The All American turret press is one of my favorites, I use it for working up new loads, or small amounts to be loaded.
It came down from BC in Canada, that's where I bought it from some guy on an auction site. It was originally some faded out puke red, but I like the Allis Challmers orange, that Lyman of olden days use to use.
The other Lyman orange press is a real ancient antique, a Tru-line Jr. turret, its set up for .45 auto rim caliber. But haven't loaded anything on it for over a year, too busy loading and shooting other calibers.
The knob handle on the C-H black press, is not original equipment. It's off an a Dillon extra handle I once had.
Since my auto disk powder measure won't meter my Unique powder worth a damn, I'm having to manually charge my cases with the scale. On the flip side, this is far more accurate and consistent, albeit slower. I'm doing about 50 rounds/hour, this is fine, since time is not an issue with me.
I'd think 50 rounds an hour would be a slow rate for precise finely tuned match target rifle ammo once you were in full production instead of development. It looks like you're reloading .40 S&W?
You could drastically increase the speed by using a powder dipper. If you want a precise amount that isn't available from Lee, you could dribble a little epoxy into the next larger dipper to fine tune it. You could also use a cap screw to make a slightly adjustable dipper, or make your own dipper with a brass case soldered to a copper rod and sand down the case mouth to reduce the volume. A squatty .45 case makes a good dipper. If you make any modifications to a standard dipper, be sure to permanently mark the dipper with its new volume.
The Lee Safety scale works very well to be so inexpensive, but fast it is not. I use mine sometimes to double check a critical weight and cross check calibrate my digital scales (which are inexpensive on eBay).
I was not aware that the Auto Disk powder measure had trouble dropping Unique, but I've never tried.

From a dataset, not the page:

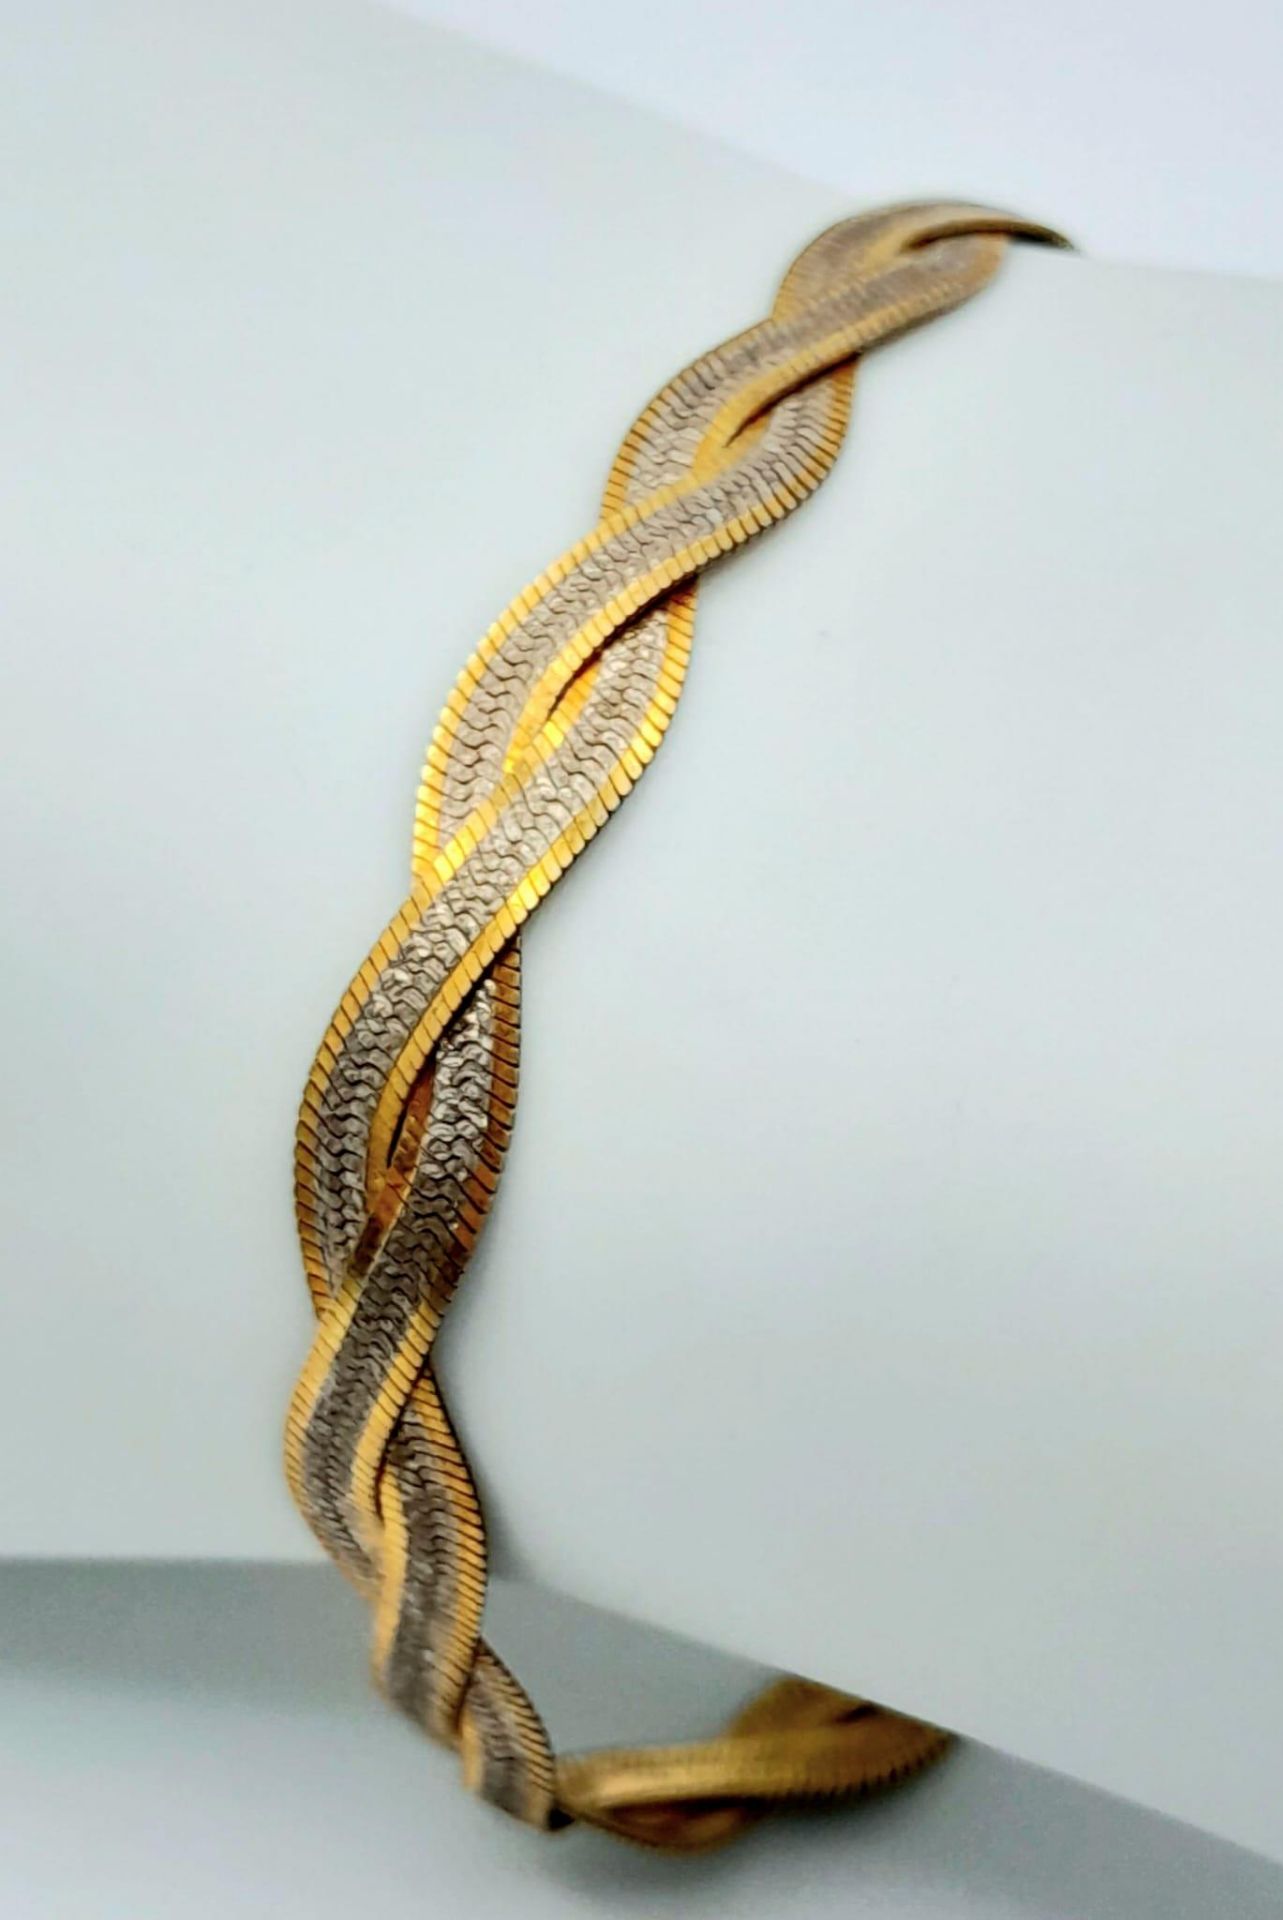 A 925 Sterling Silver Gilded and White Interwoven Flat Bracelet. 16cm.

Did you try the $30 Pro Auto Disk with the elastomer wiper and Teflon coated body, or just the original Auto Disk? Sometimes it helps to cycle the Auto Disk through half a pound of powder to coat the walls of the disk and the powder measure body with graphite. It makes the measure operate more smoothly (graphite has lubricant properties) and also reduces static cling (graphite is a conductor).

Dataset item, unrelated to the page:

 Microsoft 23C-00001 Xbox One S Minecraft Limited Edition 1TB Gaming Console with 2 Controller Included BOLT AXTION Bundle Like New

It also helps to tap the powder measure when the bottom is open so it drops the entire powder charge with some extruded stick powders that tend to bridge. That's a bit of a hassle, but MUCH better than using the Safety Powder Scale to slowly measure each load. My progressive presses have been pretty good about shaking the powder measure when charging so I don't need to tap them.
Whatever you do, remember that powder charging is probably the most critical part of reloading, and you must ensure that every powder charge is correct. Weighing each charge does that, but it's a major hassle. I think it can be done safely with the Pro Auto Disk, but any time I make any change, and at the start of every reloading session, I check several consecutive powder charges to make sure the powder measure is not only dropping the correct charge weight, but is doing so in a repeatable and reliable manner. I also visually gauge the powder height as I manually insert the bullet as a final rough safety inspection for each powder charge. That's probably the main reason I don't use an automatic bullet inserter. It'd still be possible to check the powder height, but I'd probably get lazy and stop doing it.
Redneck with a .40, try a Dillon PM with a slide bar. They come with rifle or handgun.
In the picture of my C-H black press, it has an old Dillon RL-450 manual push knob PM. This unit can handle just about any handgun flake, or extruded rifle powder with ease.
The only PM in my stable that is really cranky, is the Lyman Tru-line Jr. No.55 model. Its shown on the little turret press.
Redneck I love that desk/bench.
44/45 the local gunshop has a Tru-Line Jr. for sale.